Will not be scheduled on different cores, because they look like one process to the kernel.
If one thread blocks (e.g., on I/O), all threads block.

Threading models (slide)

Thread pools (slide)

Concurrency and Synchronization

But if multiple threads share a memory location, good-looking sequential programs can start failing. e.g., shared static variable: hits shared code: hits = hits + 1 Assume the shared code gets compiled into the following assembly code

  ld   [hits], R
	add  R, R, 1
  st   R, [hits]

hits represents a memory location, and [hits] represents the contents of that memory location. ld [hits], R loads the contents of hits to register R.

If two threads try and execute this code simultaneously what can happen? Assume hits=10 before starting these threads. What interleavings cause hits=12? What interleavings cause hits=11?

This is a problem associated with concurrent access to a shared data region, in short concurrency. This is also called a race condition (perhaps because it is a race between two threads and the result depends on who wins).

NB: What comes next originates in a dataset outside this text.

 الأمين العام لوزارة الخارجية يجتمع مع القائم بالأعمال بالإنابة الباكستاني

Concurrency could be "logical concurrency" on a single CPU due to possibly arbitrary interruptions (or preemptions) caused by the timer interrupt, or could be "physical concurrency" due to threads executing simultaneously on different CPUs. The nature of the problem in both cases is identical.

Another example:

  Thread A:
     i = 0;
     while (i < 10)
         i = i + 1;
     print "A won!";

  Thread B:
     i = 0;
     while (i > -10)
         i = i - 1;
     print "B won!";

Who wins? Guaranteed that someone wins? What if both threads run on identical speed CPU executing in parallel? (guaranteed to go on forever?)

Another example

    push(v):
        if (n == stack_size)
                return full;
        stack[n] = v;
        n = n + 1;

Some bad schedules? Some that will work?

One way to deal with the problem is to enforce atomicity of certain code regions. In the hits example, we wanted the three instructions to execute atomically with respect to themselves. The code region that needs to be made atomic for the program to be correct is also called the critical section.

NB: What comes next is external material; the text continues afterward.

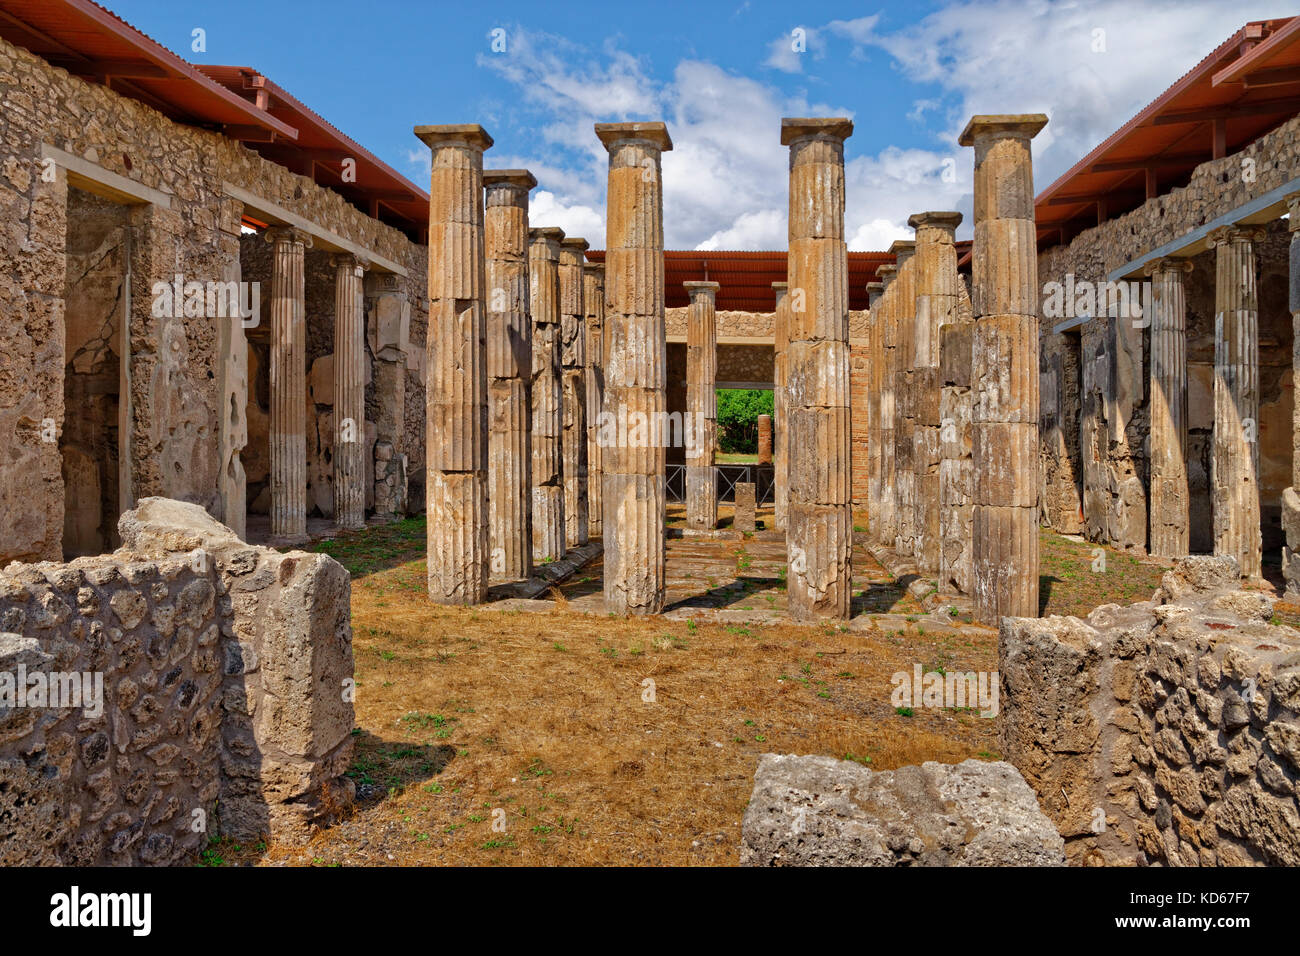 Säulenhalle Atrium ruiniert römische Stadt Pompeji in Cortona, in der Nähe von Neapel, Italien. Stockbild

Locks are one way of implementing atomic regions. A lock L is a shared variable that provides two methods acquire(L) and release(L). Any lock L can be acquired by at most one thread at a time. Another thread can acquire it only after it's holder has released it. Any thread trying to acquire a lock which is already acquired by another thread must wait for it to be released.

Locks allow implementation of atomic regions by bracketing the critical section using calls to acquire() and release. For our hits example, the new code will be:

   lock hit_lock;    //shared lock.
   ...
   acquire(hit_lock);
   hit = hit + 1;
   release(hit_lock);

What happens when one thread is inside the critical section and another thread tries to enter it at the same time? What are the possible interleavings now? Are all possible interleavings correct?